History, for Hegel, is not a sequence of events produced by human decisions, natural causes, and accidents. It is the self-development of Spirit — the process by which Spirit comes to know itself as free. Each civilisation is a moment in this development: a particular, limited expression of Spirit's self-understanding that contains within itself the contradictions that will drive it toward the next moment. The movement is not mechanical but dialectical: Spirit externalises itself, encounters itself as alien, and returns to itself enriched.
Hegel organises world history into four great realms, each corresponding to a stage of Spirit's self-consciousness. The Oriental world (China, India, Persia) knows only that one is free — the despot. The Greek world knows that some are free — the citizens of the polis. The Roman world knows that citizens in general have rights, but freedom is still external and legal rather than inward. The Germanic world, culminating in the modern Protestant state, finally knows that all are free — freedom as the universal principle of political life.

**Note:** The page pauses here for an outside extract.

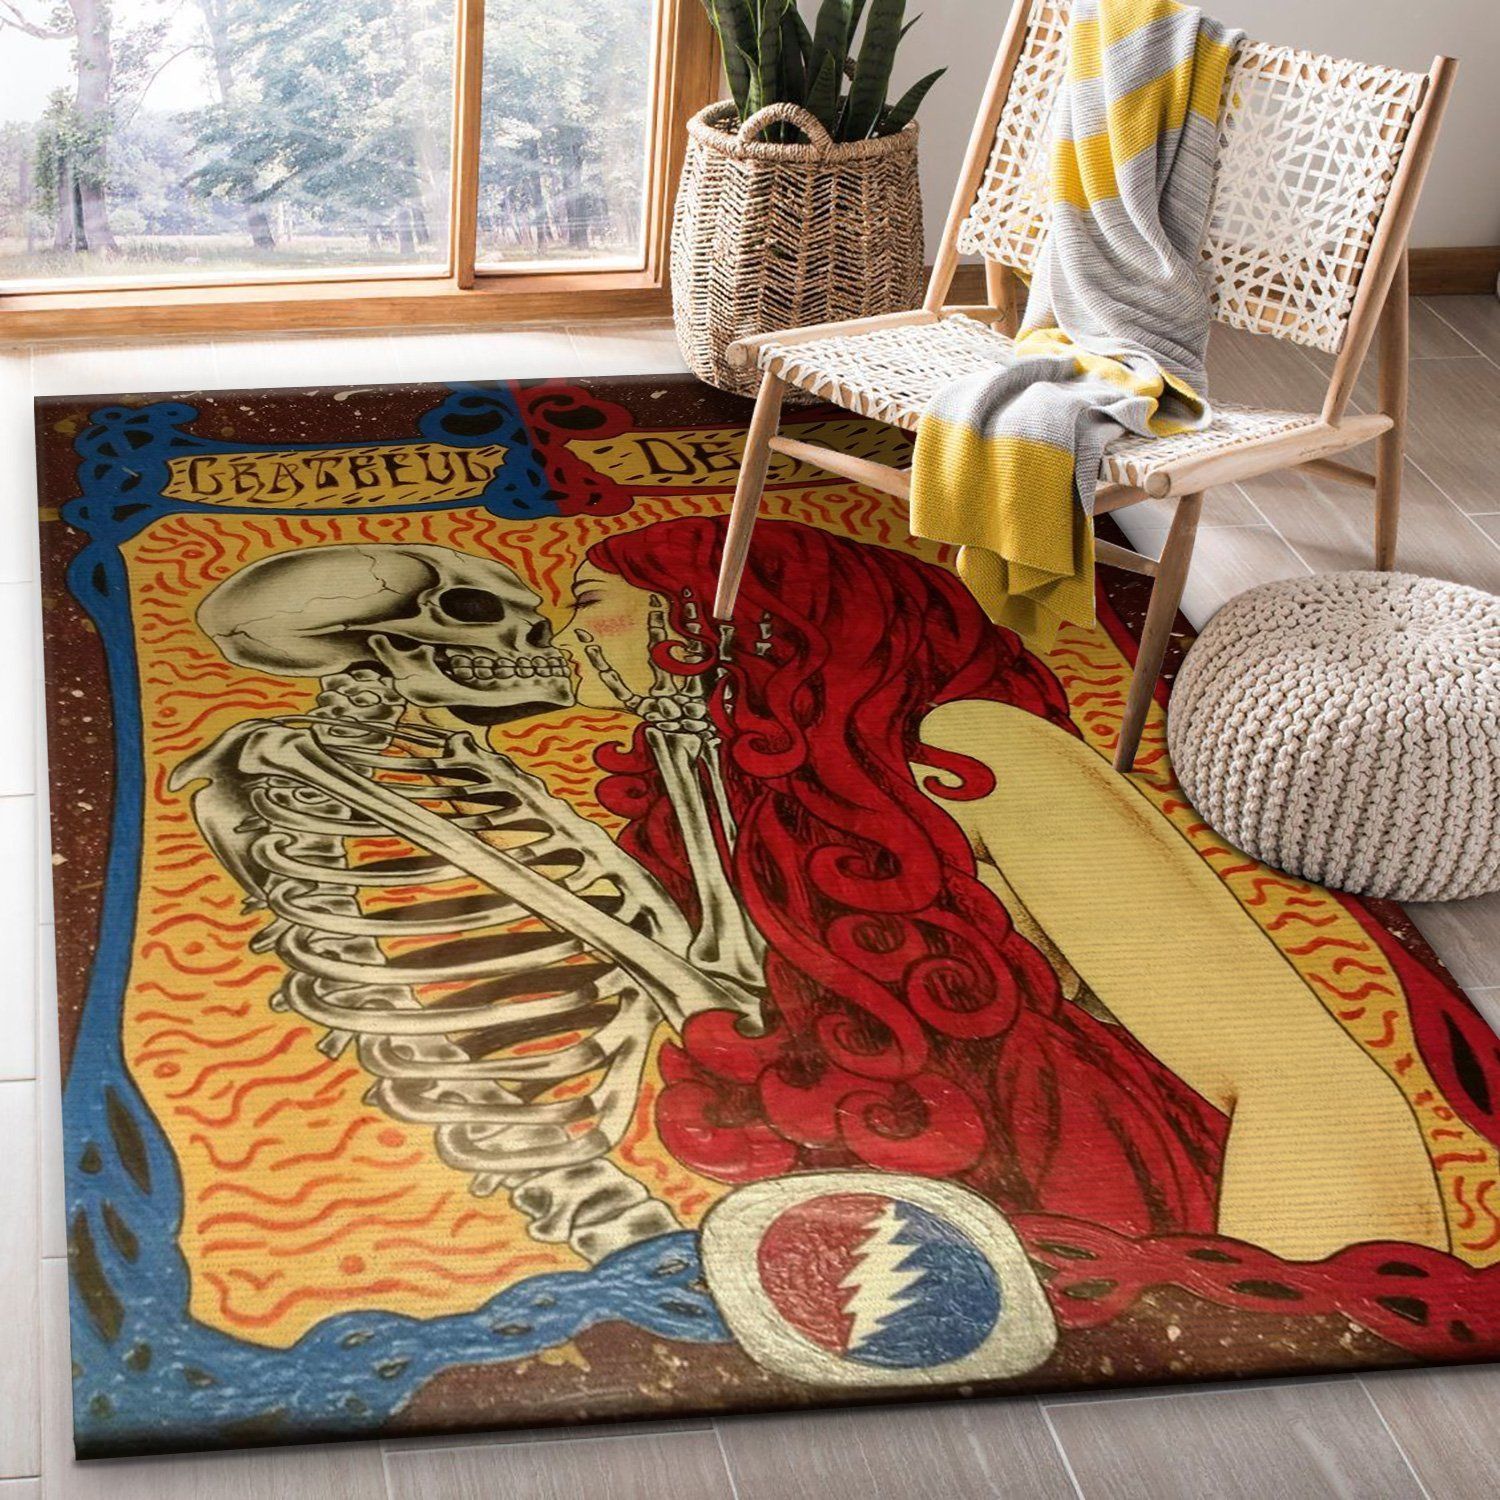 Grateful Dead Area Rug For Christmas Living room and bedroom Rug Home Decor Floor Decor - Indoor Outdoor Rugs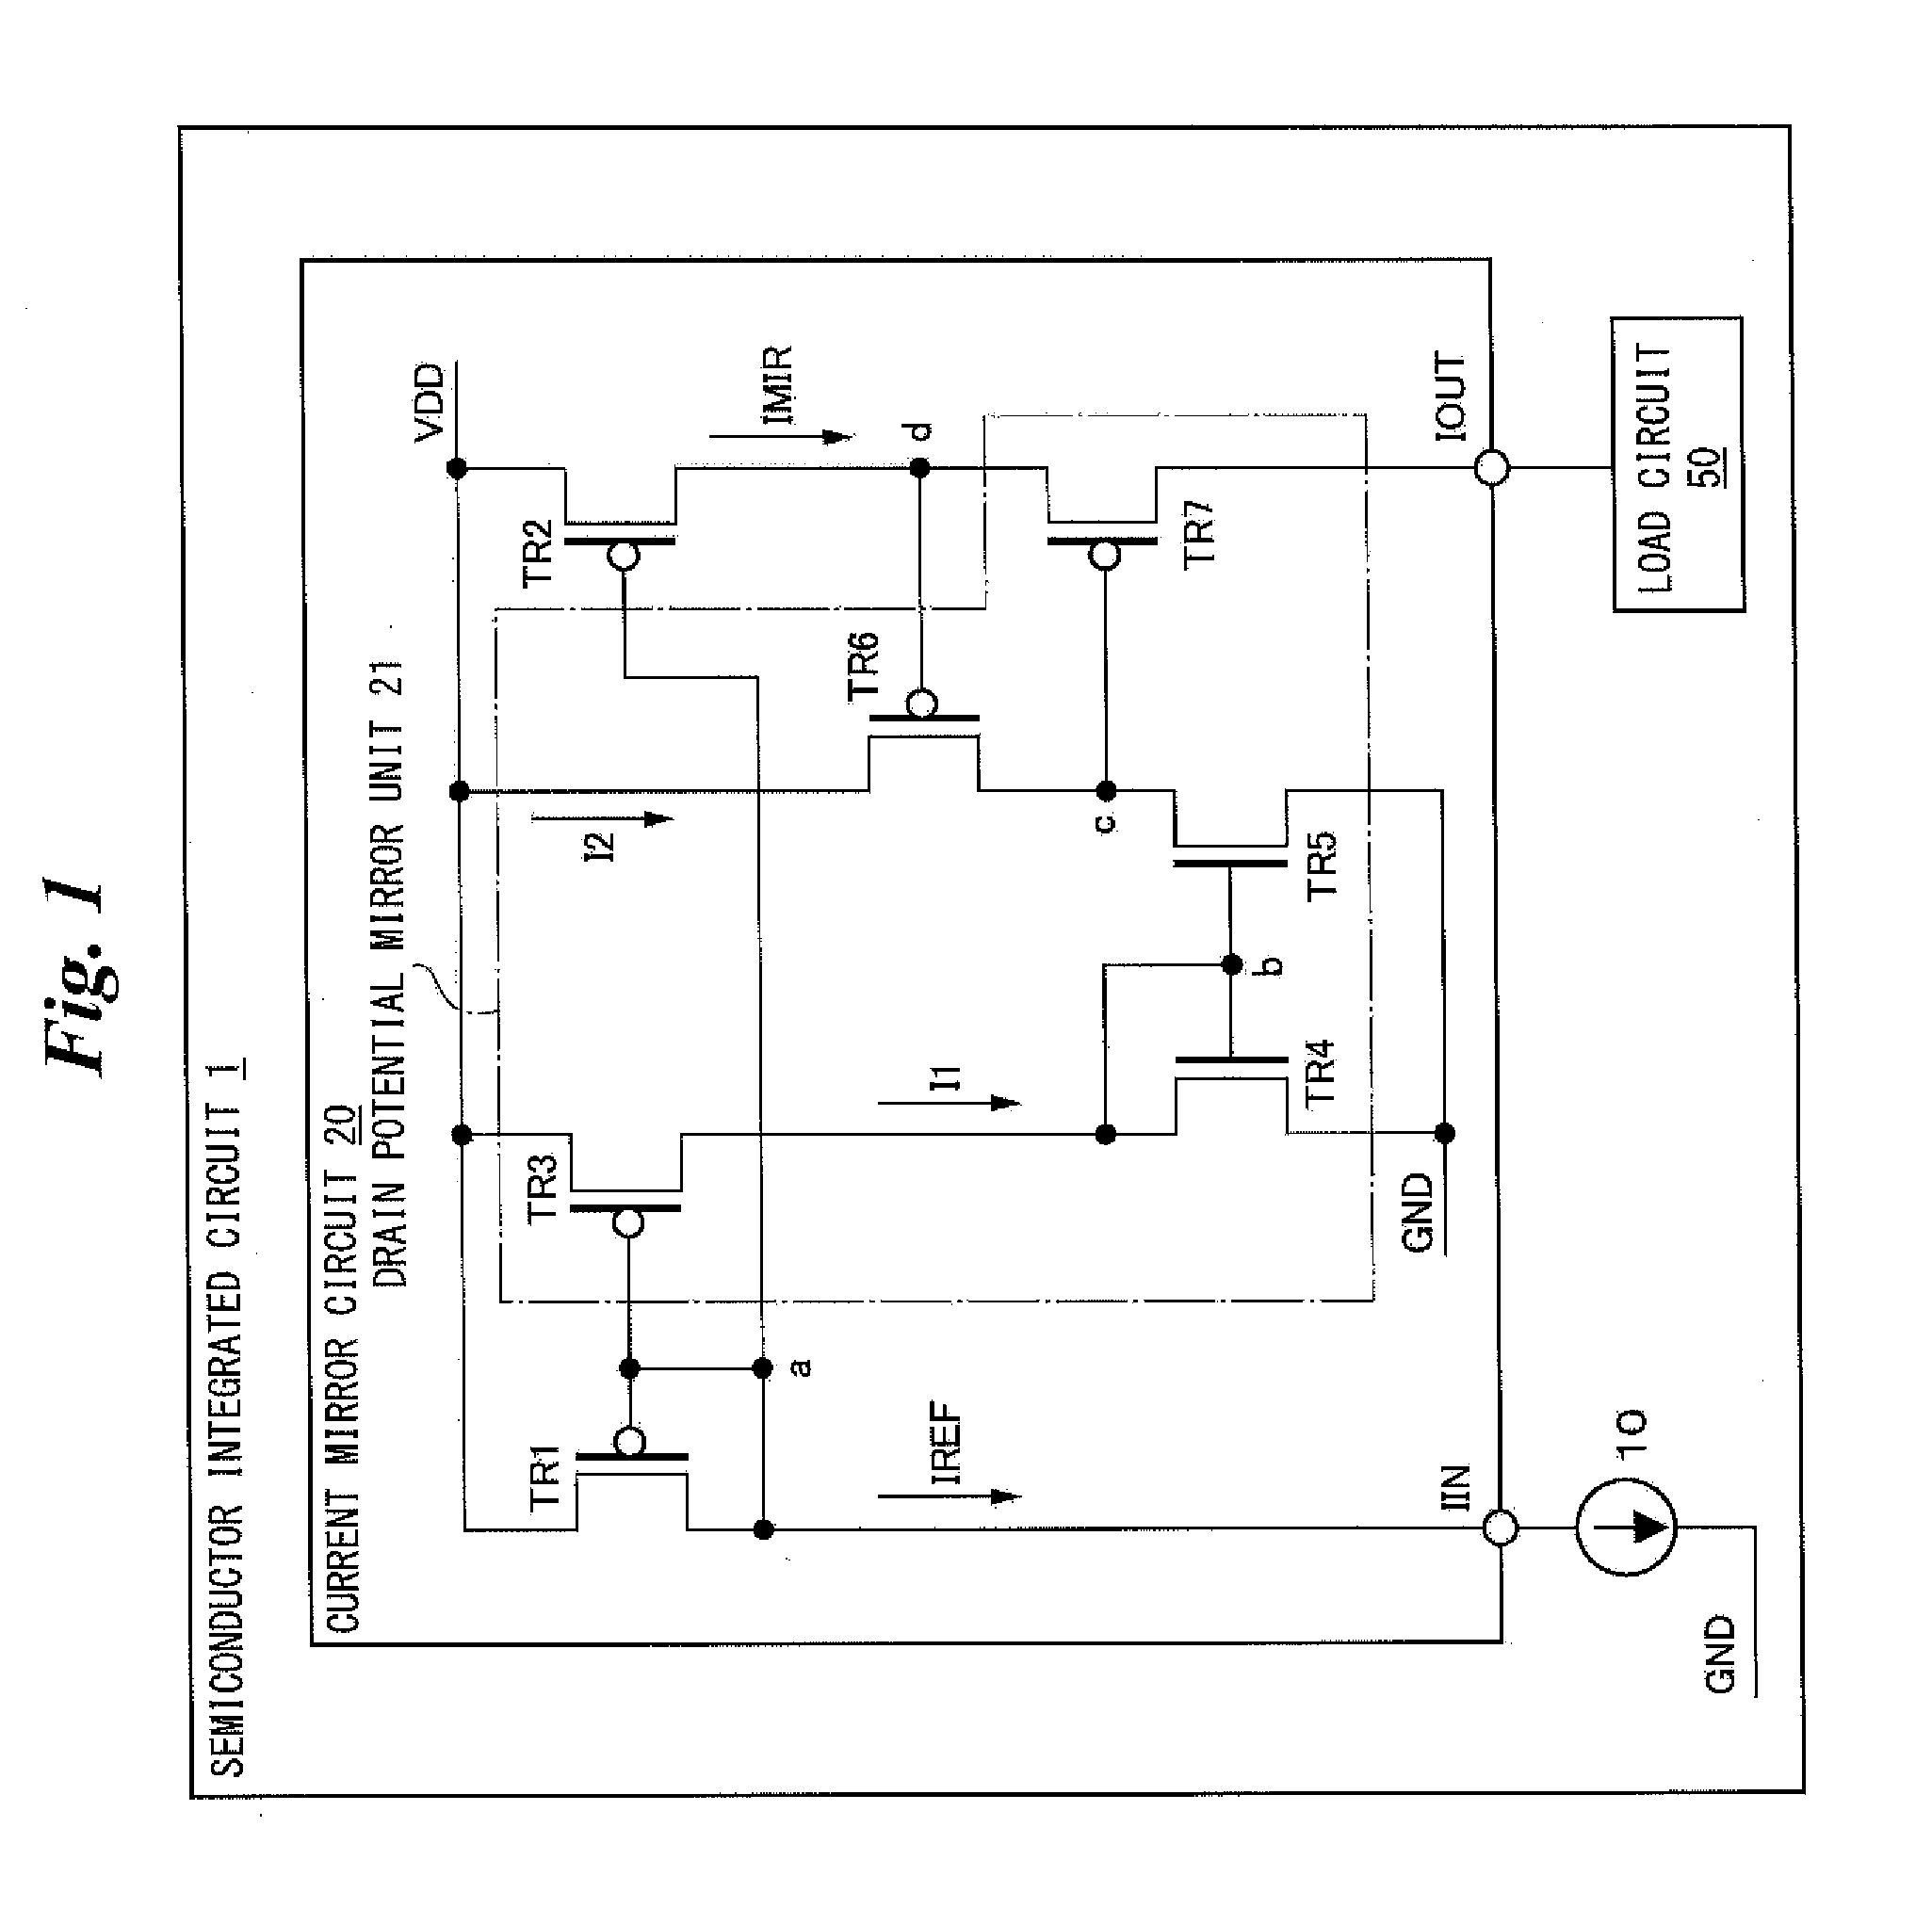 Current mirror circuit and receiver using the same

Hegel's framework has been subjected to devastating critique as a rationalisation of European imperialism. His relegation of African history to "pre-historical" and his subordination of Asian civilisations to mere precursors of European modernity reflect both the ignorance and the prejudice of his era. Postcolonial thinkers from Fanon to Spivak have argued that the World Spirit is a philosophical mask for European self-assertion. This critique is valid and cannot be set aside; but it need not entail rejecting every feature of Hegel's philosophy of history.
Hegel's World Spirit should be distinguished from his more specific concept of Volksgeist — the spirit of a particular people, the particular cultural and institutional shape that Spirit takes in a given nation at a given time. World Spirit is the movement through all Volksgeister, the trajectory in which each particular spirit is aufgehoben.